There’s a growing need to to strategically plan for a just energy transition and simultaneously build a green economy in Angul, which currently accounts for 12% of India’s and 56% of Odisha’s coal production, said the report
Odisha’s biggest coal producing and key industrial district, Angul, must develop a ‘just transition plan’ to prevent job/income loss, strengthen the local economy and boost government revenue, said a recent report by The International Forum for Environment, Sustainability and Technology (iFOREST).
According to the report, Angul currently accounts for 12% of India’s and 56% of Odisha’s coal production. Coal production in Angul is expected to increase nearly 3 times in the next 10 years, reaching over 300 million metric tonnes (MMT) by 2033. The district is also a major power producer, and a steel and aluminium manufacturing hub. Coal mining and industries collectively account for about 61% of the district’s GDP.
While coal will continue to play a major role in the district’s economy in the next two decades, post 2040 mines will start closing. Coal-based thermal power units will start closing after 2025 due to age and their inability to meet environmental norms. Currently, an estimated 168,000 people are engaged in coal and coal-based industries, the report said, with nearly 69% of them being informal. Therefore, there’s a growing need to diversify the economy through proper planning to support the communities in case of a coal phase-out. The report pointed out that Angul-Talcher has been a critically polluted area. That’s why environmental remediation and pollution mitigation must be a key focus while building the new economy.
What’s in the plan?
Talking about the just transition plan laid out in the report, Chandra Bhushan, President and CEO of iFOREST said, “We have outlined a long-term just transition plan spanning over the next three decades, which can aid a strategic phase-down of coal mining and coal-based power production, green the economy, create high-quality jobs, and improve the district’s environmental conditions. This will be also essential for enhancing Odisha’s climate change action.”

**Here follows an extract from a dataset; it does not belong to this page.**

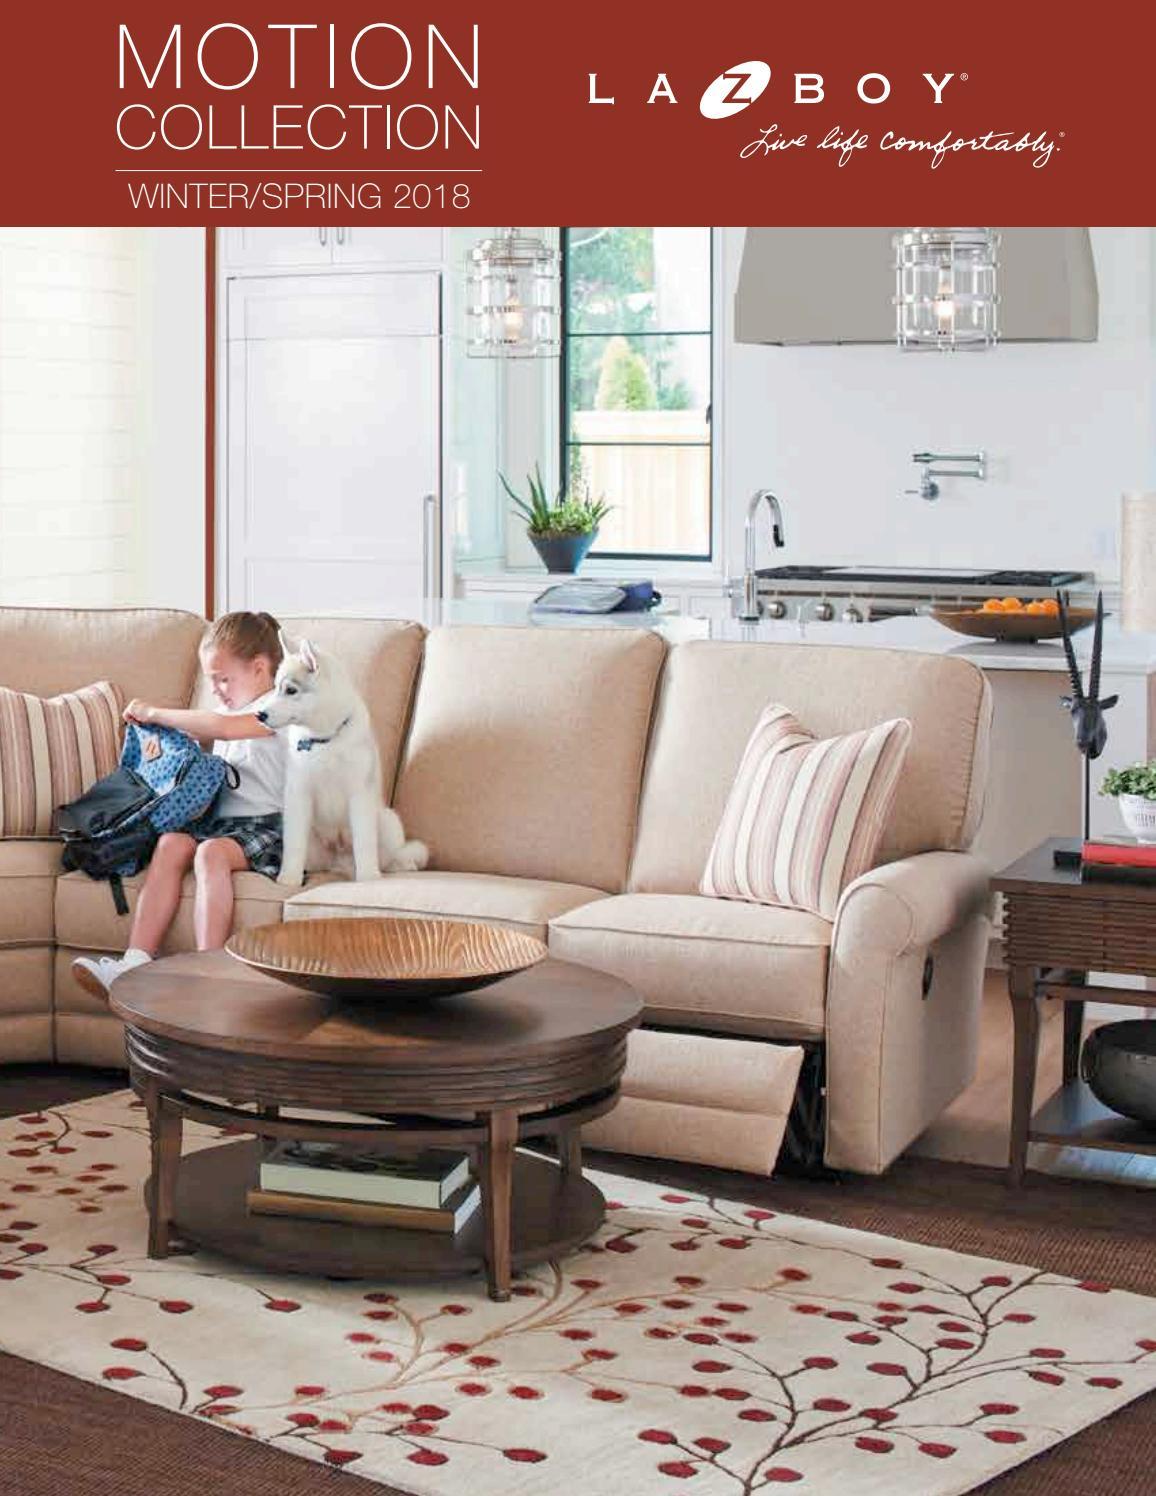 Astounding Mot Lores October2017 By Mattresssofawarehouse Issuu Andrewgaddart Wooden Chair Designs For Living Room Andrewgaddartcom

The report recommended that Odisha should use cheap coal to build the backbone of the green economy and invest in grey hydrogen, coal gasification, electric vehicles and battery storage. The green industrial transition can be planned in two phases—a ‘Brown Phase’ and a ‘Green Phase’. During the brown phase (the next 10-15 years), the focus should be to build the backbone of the green industry using coal in the most environmentally responsible manner. Post 2035, industries in Angul must move to a green phase, with the focus to shift to renewables, green industrial processes, and maximising material circularity.
Angul will not experience major job loss till 2040. In fact, there will be a significant increase in coal-dependent jobs over the next 10 years. To meet the skill requirements of both the brown and green economy, the study recommended significant investments in skilling programmes and technical education are necessary.

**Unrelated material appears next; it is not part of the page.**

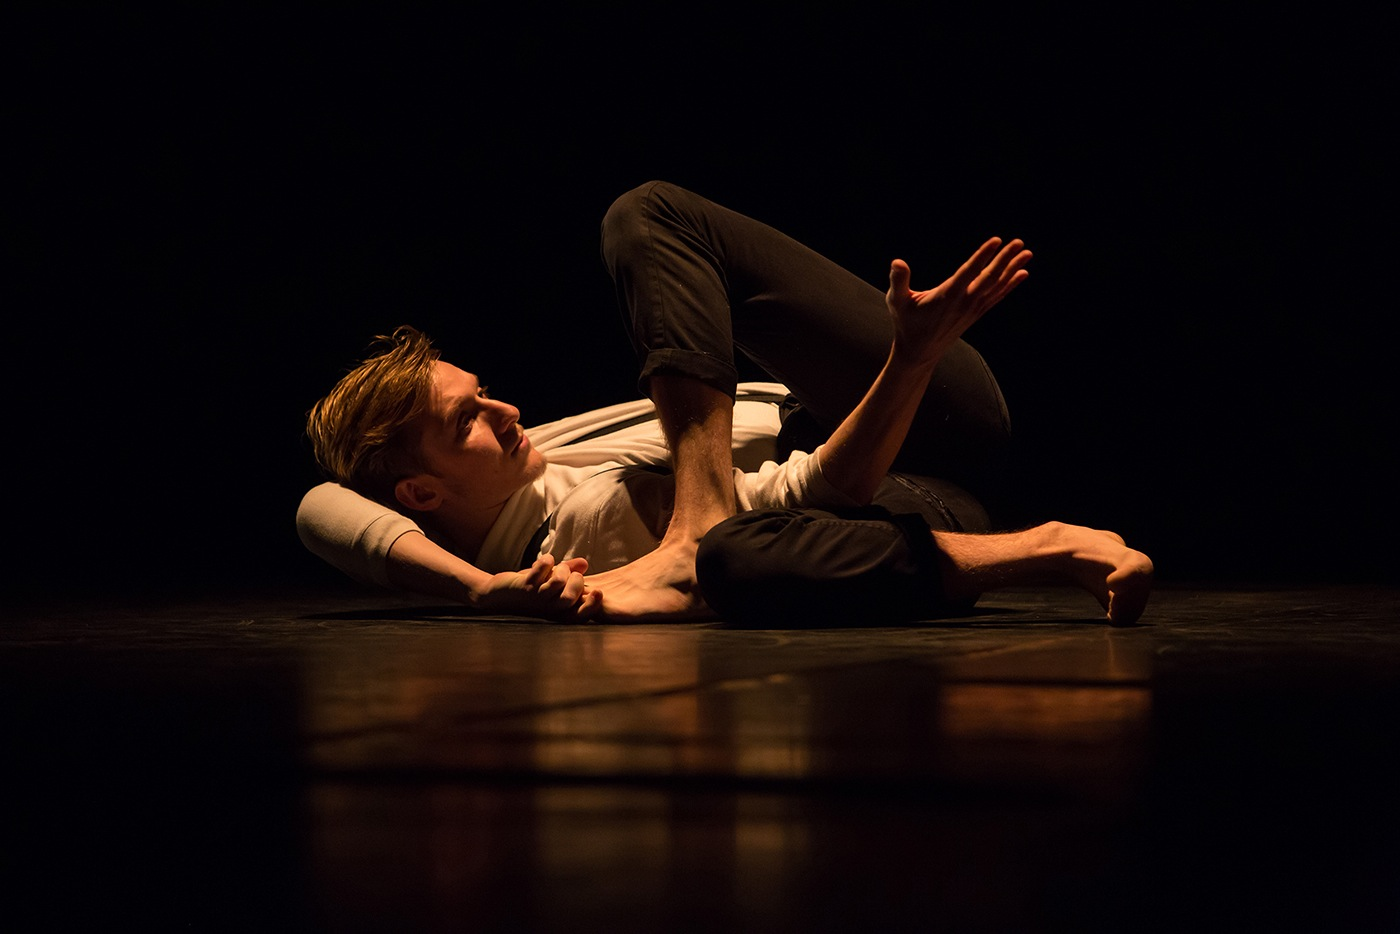 photographe-reportage-danse-avec-ton-crous-guillaume-heraud-028-small

Following the closure of coal mines and thermal power plants over the next three to four decades in Angul, about 33,000 hectares of land can be available for repurposing. Repurposing of mining and industrial land will be crucial for environmental sustainability, industrial development, and economic diversification, the report stated.
Among other recommendations the study pointed out that pollution mitigation, environmental remediation, and circular economy practices will be essential to support sustainable growth.
Climate finance, obviously, is a crucial part of any such process. Massive financial resources will be necessary for implementing just transition measures in Angul. This must be leveraged by optimising coal mining related funds, fiscal support of the government, private financing, and international support. According to the report’s calculations, even with an accelerated coal phase-down by 2050, nearly ₹3 trillion (US$ 38 billion) will be potentially available to support just transition. Responsible social and environmental investments will be important for building community resilience and ensuring environmental justice, concluded the report.